Proof of Theorem phicl2

Dummy variable x is distinct from all other variables.

Step	Hyp	Ref	Expression
1		phival 15472	. 2 |- ( N e. NN -> ( phi ` N ) = ( # ` { x e. ( 1 ... N ) | ( x gcd N ) = 1 } ) )
2		fzfi 12771	. . . . . . 7 |- ( 1 ... N ) e. Fin
3		ssrab2 3687	. . . . . . 7 |- { x e. ( 1 ... N ) | ( x gcd N ) = 1 } C_ ( 1 ... N )
4		ssfi 8180	. . . . . . 7 |- ( ( ( 1 ... N ) e. Fin /\ { x e. ( 1 ... N ) | ( x gcd N ) = 1 } C_ ( 1 ... N ) ) -> { x e. ( 1 ... N ) | ( x gcd N ) = 1 } e. Fin )
5	2, 3, 4	mp2an 708	. . . . . 6 |- { x e. ( 1 ... N ) | ( x gcd N ) = 1 } e. Fin
6		hashcl 13147	. . . . . 6 |- ( { x e. ( 1 ... N ) | ( x gcd N ) = 1 } e. Fin -> ( # ` { x e. ( 1 ... N ) | ( x gcd N ) = 1 } ) e. NN0 )

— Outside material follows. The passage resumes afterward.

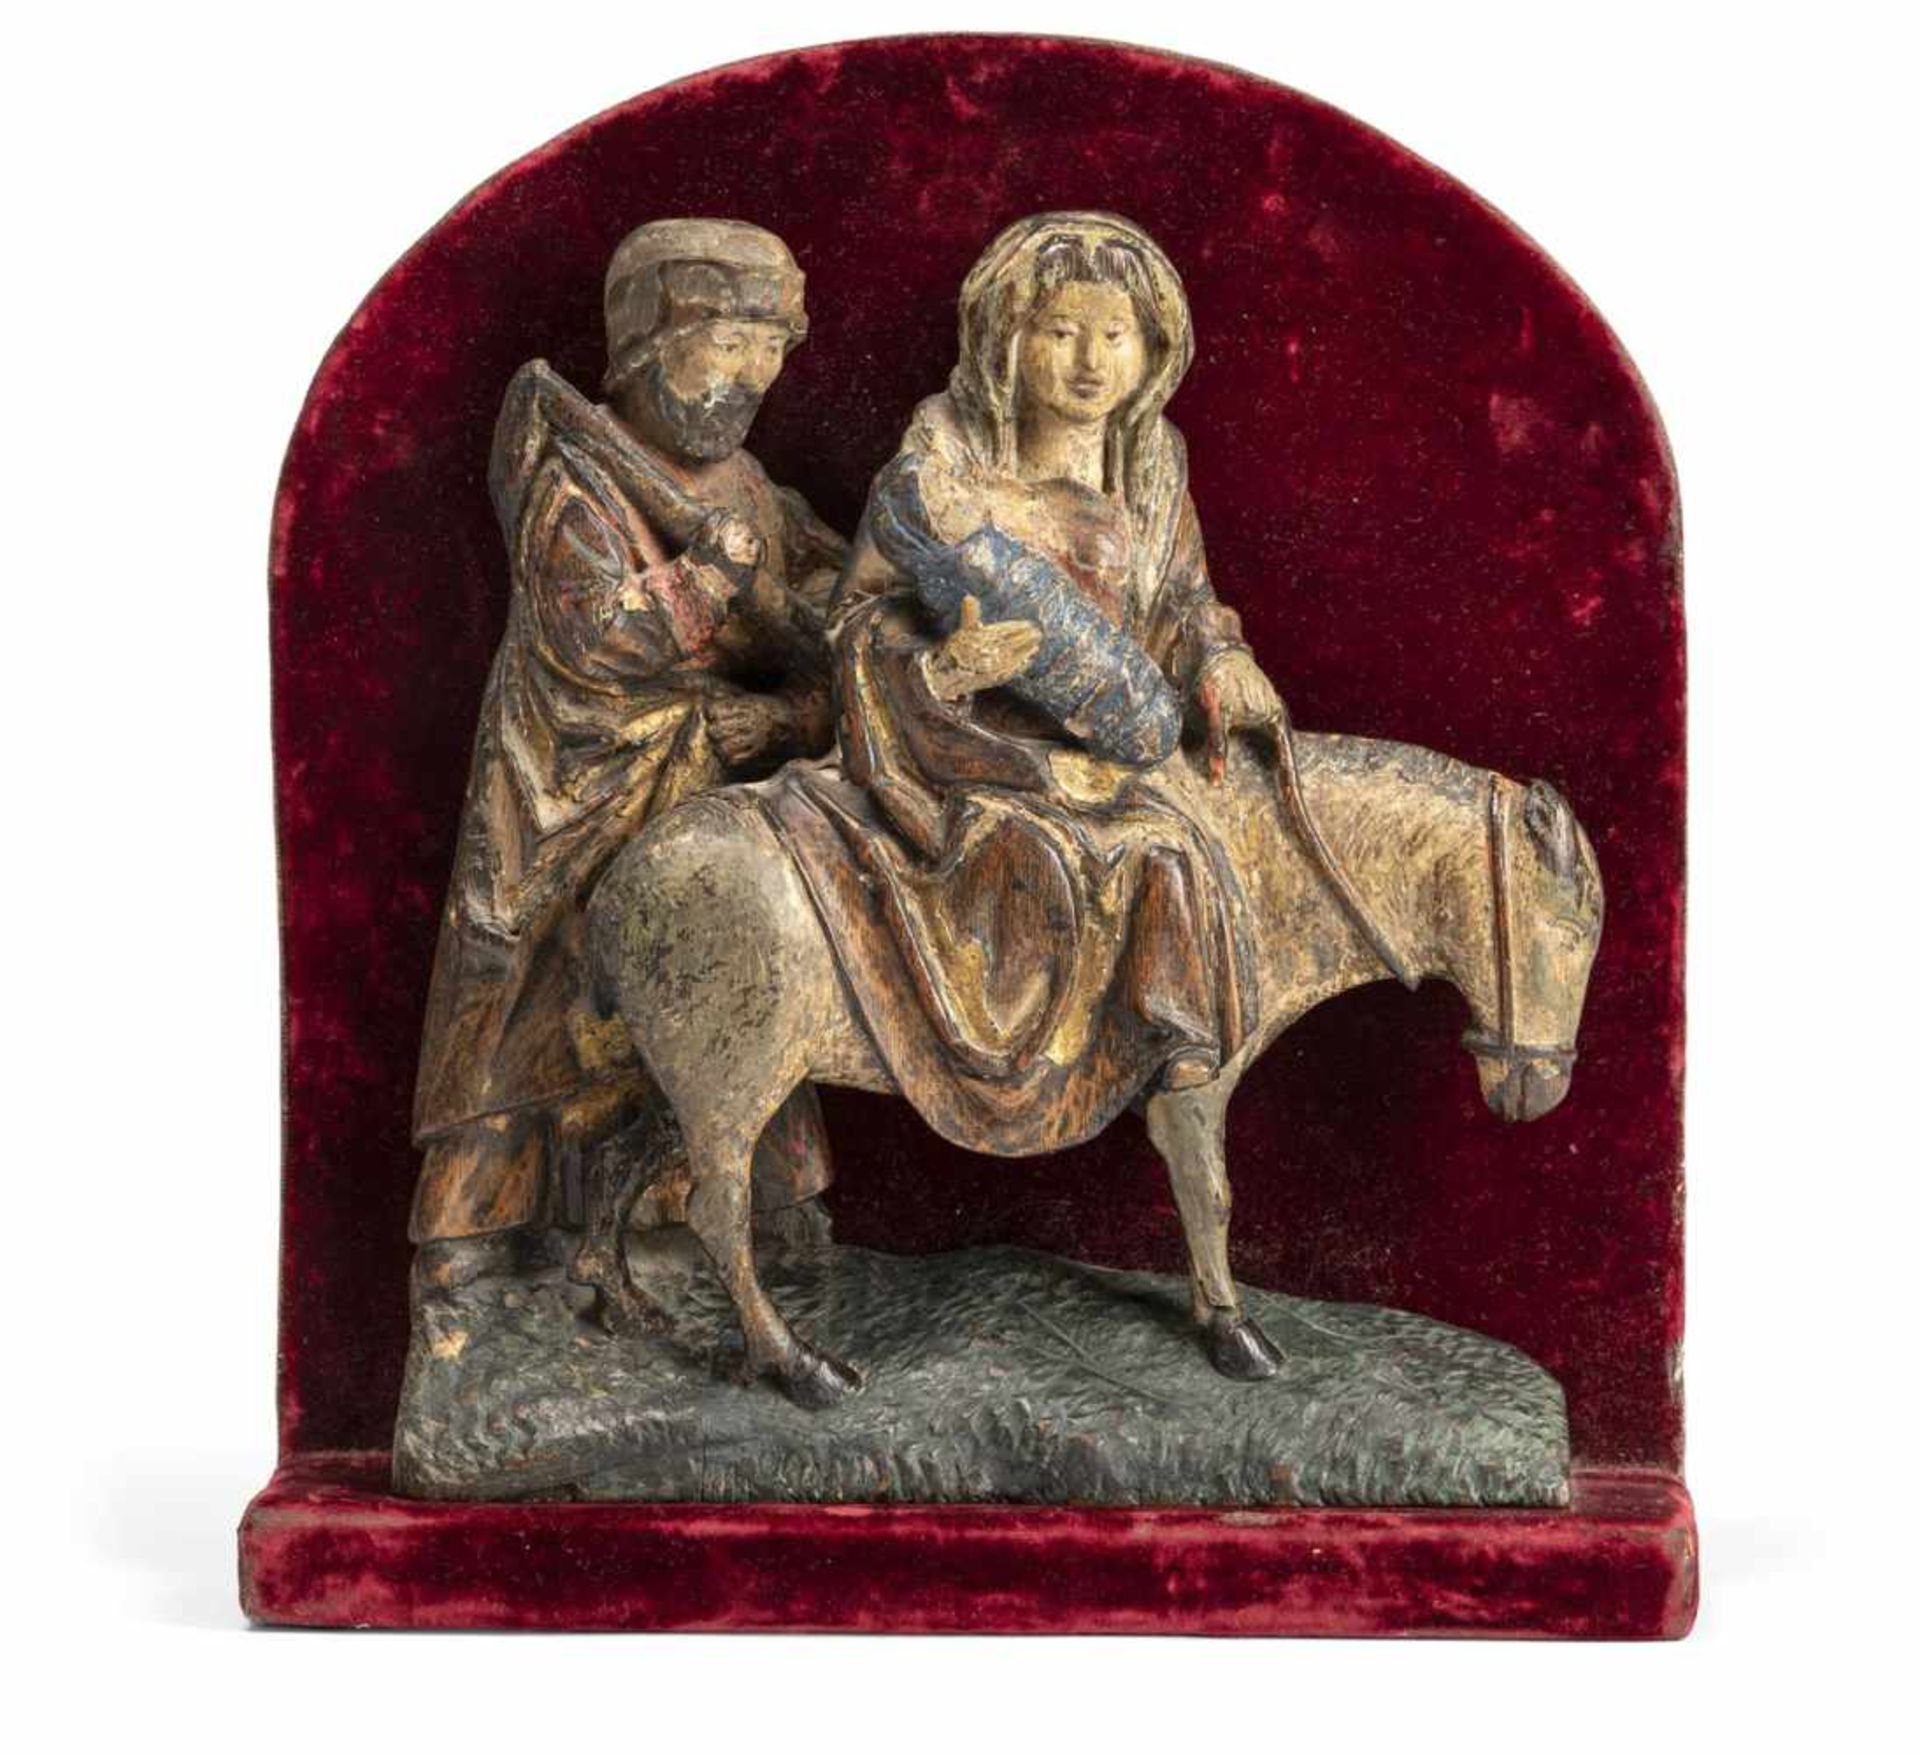 THE FLIGHT INTO EGYPT. Small oakwood relief carving depicting the Holy Family with a donkey on their

7	5, 6	ax-mp 5	. . . . 5 |- ( # ` { x e. ( 1 ... N ) | ( x gcd N ) = 1 } ) e. NN0
8	7	nn0zi 11402	. . . 4 |- ( # ` { x e. ( 1 ... N ) | ( x gcd N ) = 1 } ) e. ZZ
9	8	a1i 11	. . 3 |- ( N e. NN -> ( # ` { x e. ( 1 ... N ) | ( x gcd N ) = 1 } ) e. ZZ )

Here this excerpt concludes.